| Data segment |
────────────────────────────────────────
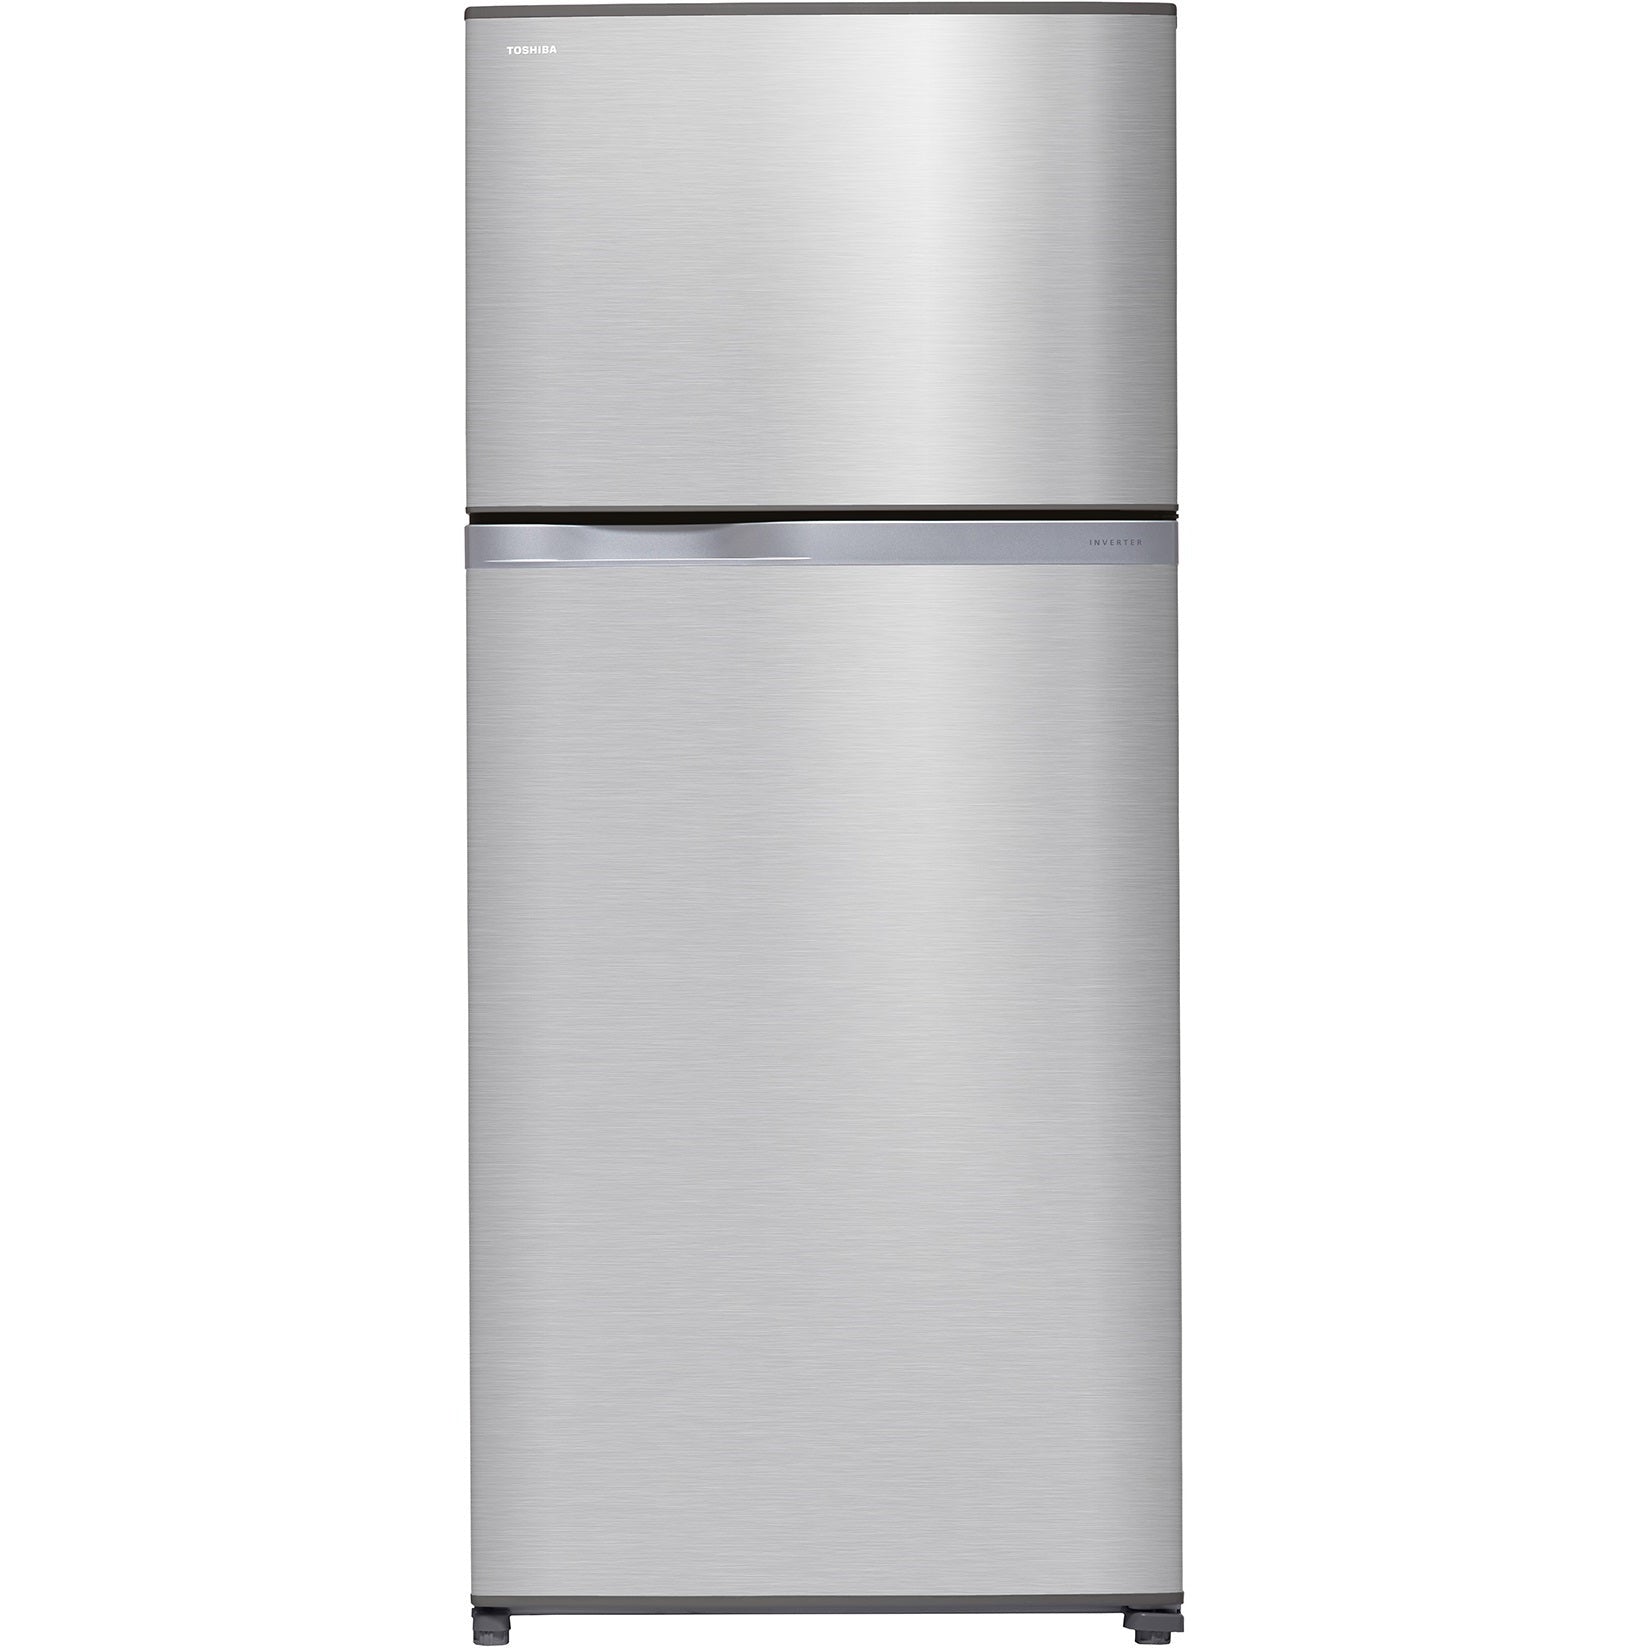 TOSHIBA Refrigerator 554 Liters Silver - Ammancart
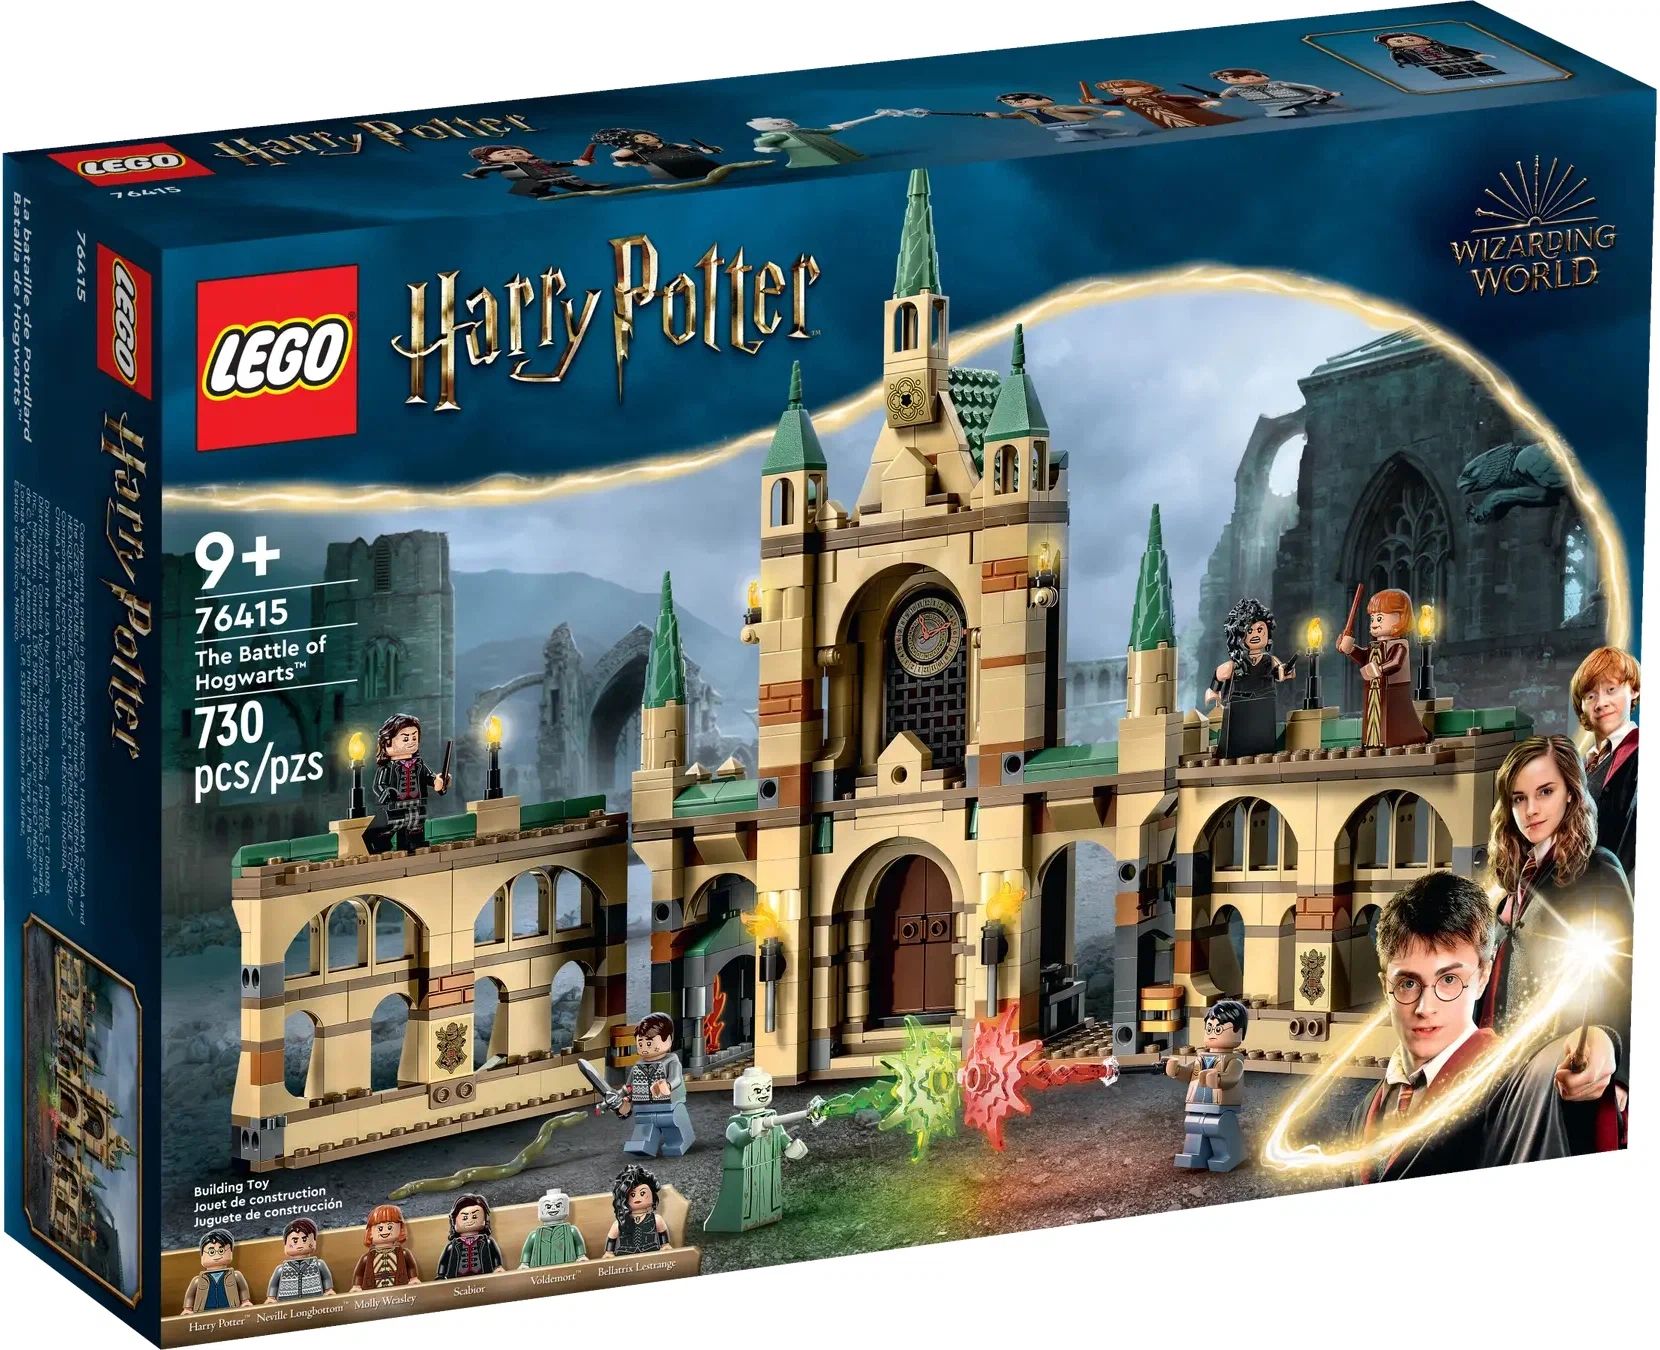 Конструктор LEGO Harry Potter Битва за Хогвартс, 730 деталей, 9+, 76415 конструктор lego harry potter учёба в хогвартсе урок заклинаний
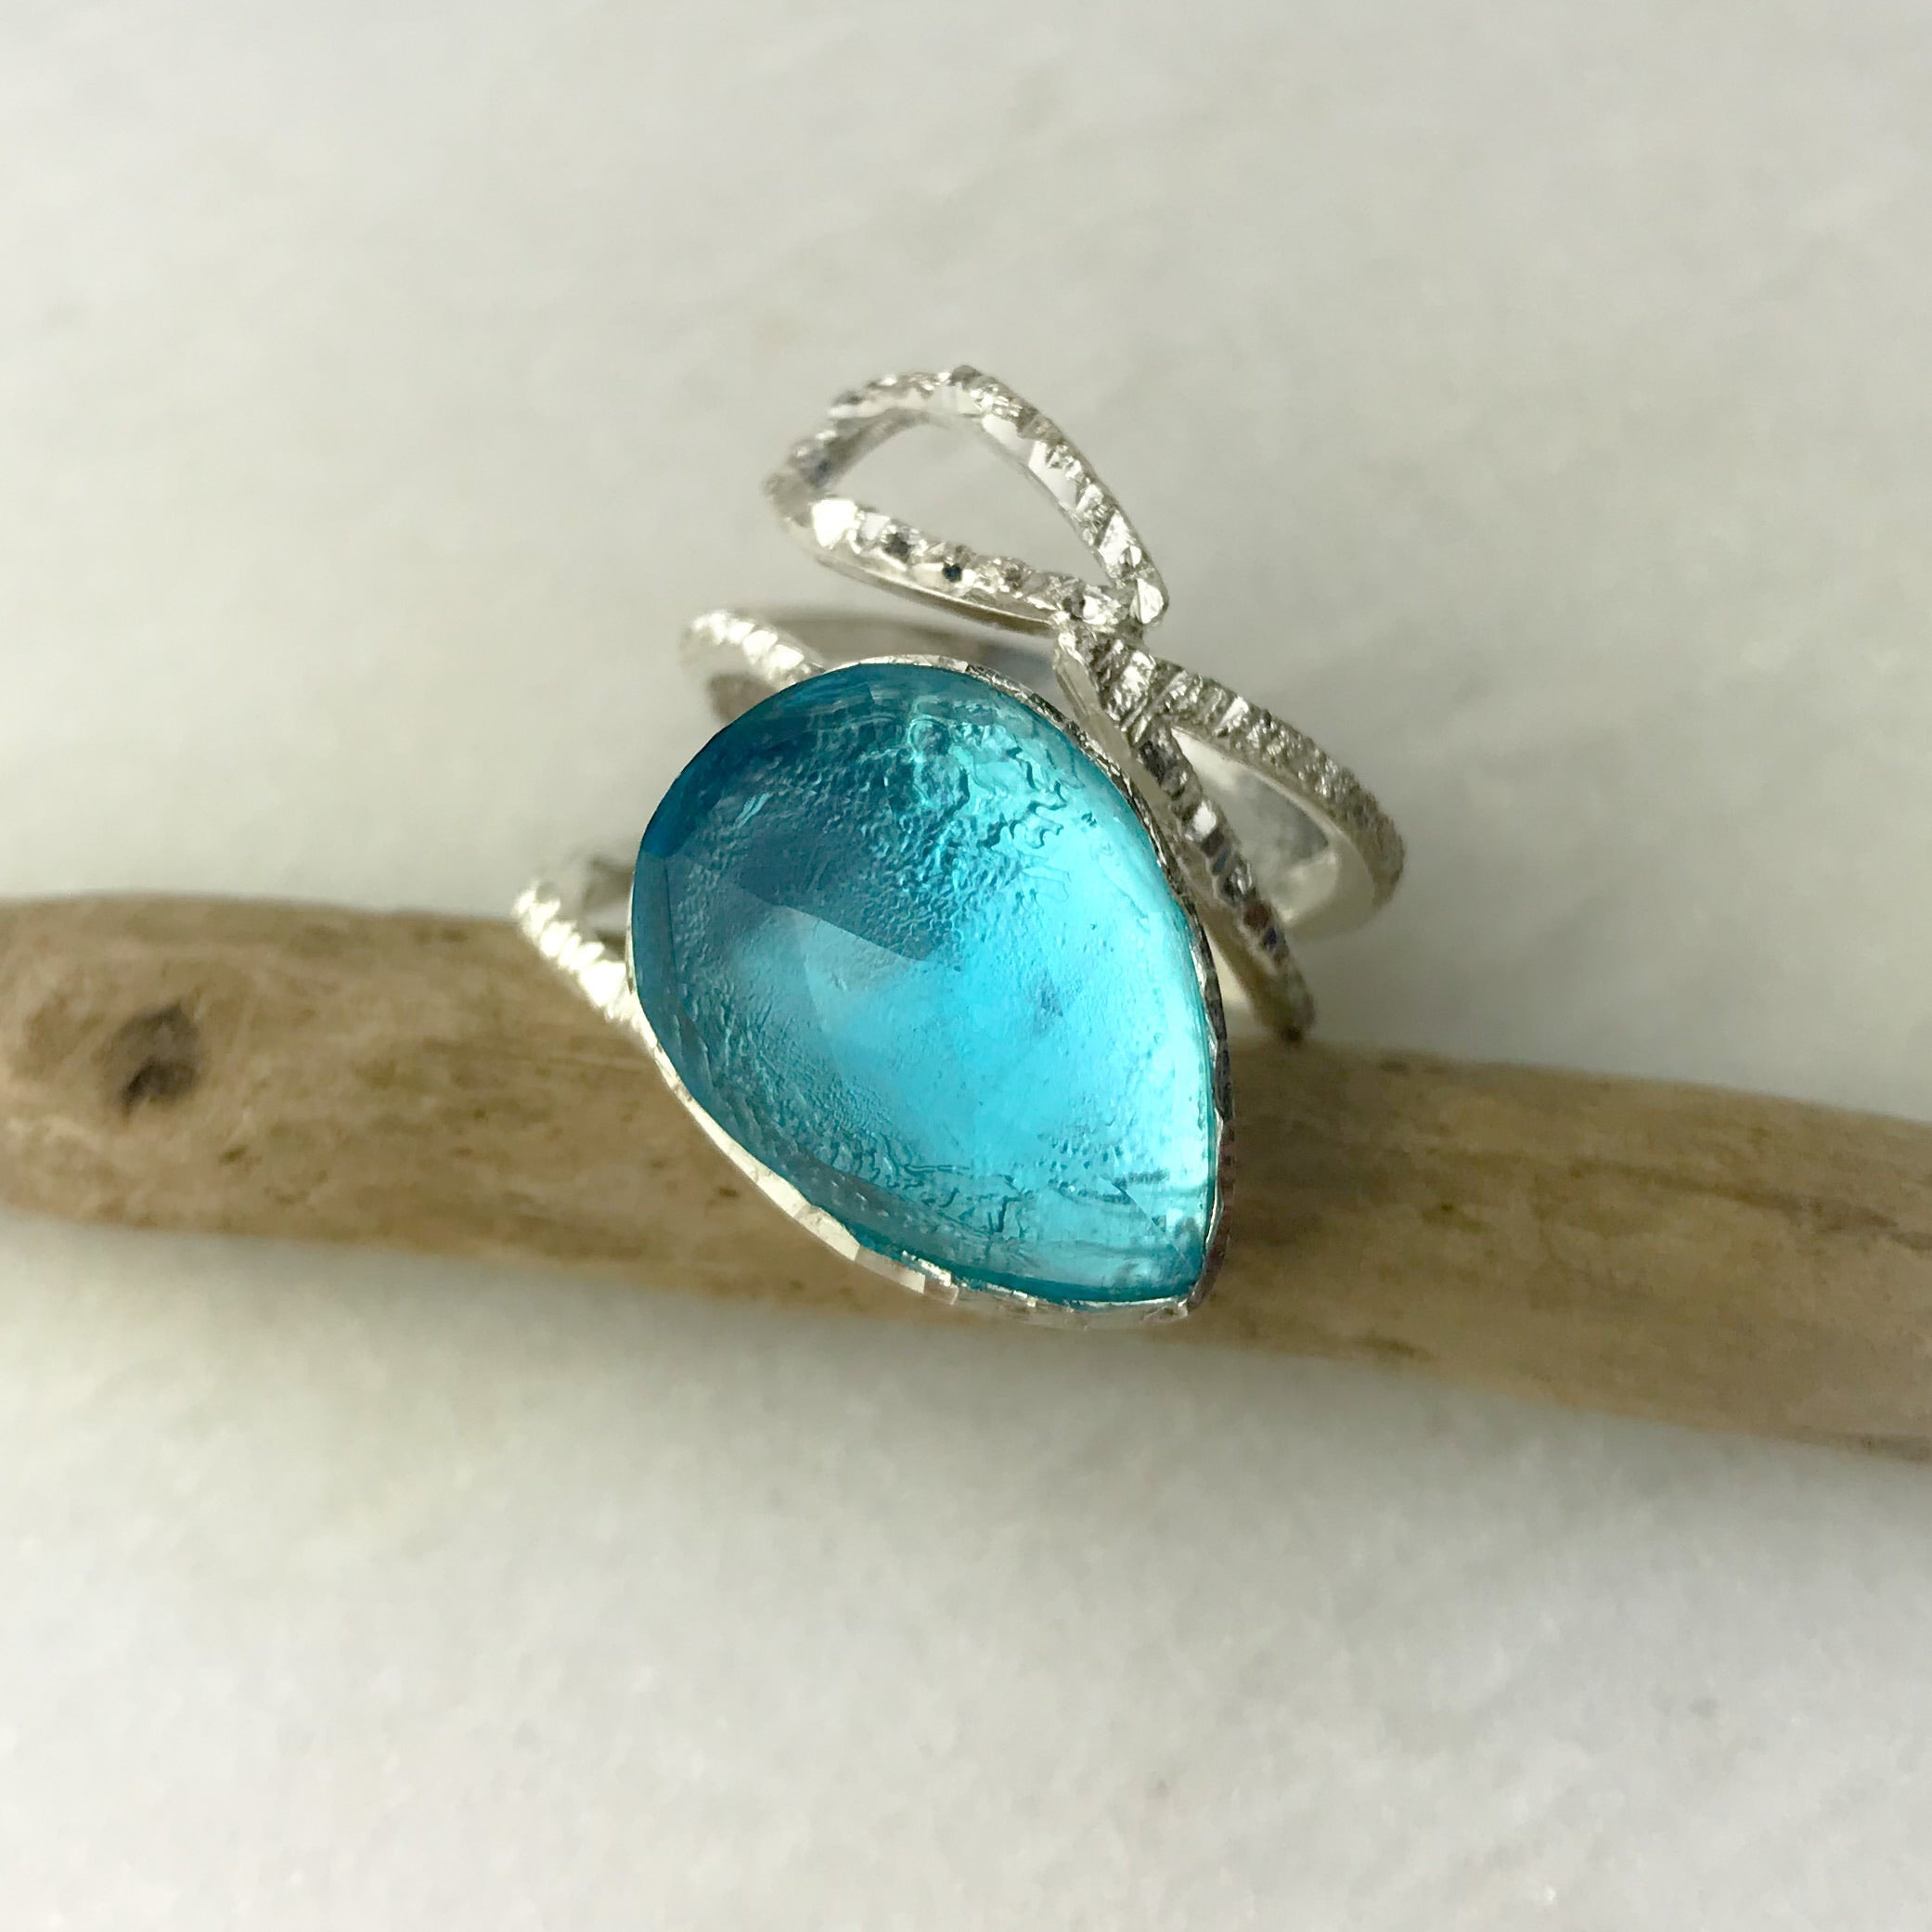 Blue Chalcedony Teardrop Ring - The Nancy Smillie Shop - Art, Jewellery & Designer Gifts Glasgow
────────────────────────────────────────
| Your assignment |
Write out the whole listing verbatim, images excluded.

| Task response |
 TOSHIBA Refrigerator 554 Liters Silver - Ammancart
 Конструктор LEGO Harry Potter Битва за Хогвартс, 730 деталей, 9+, 76415 конструктор lego harry potter учёба в хогвартсе урок заклинаний
 Blue Chalcedony Teardrop Ring - The Nancy Smillie Shop - Art, Jewellery & Designer Gifts Glasgow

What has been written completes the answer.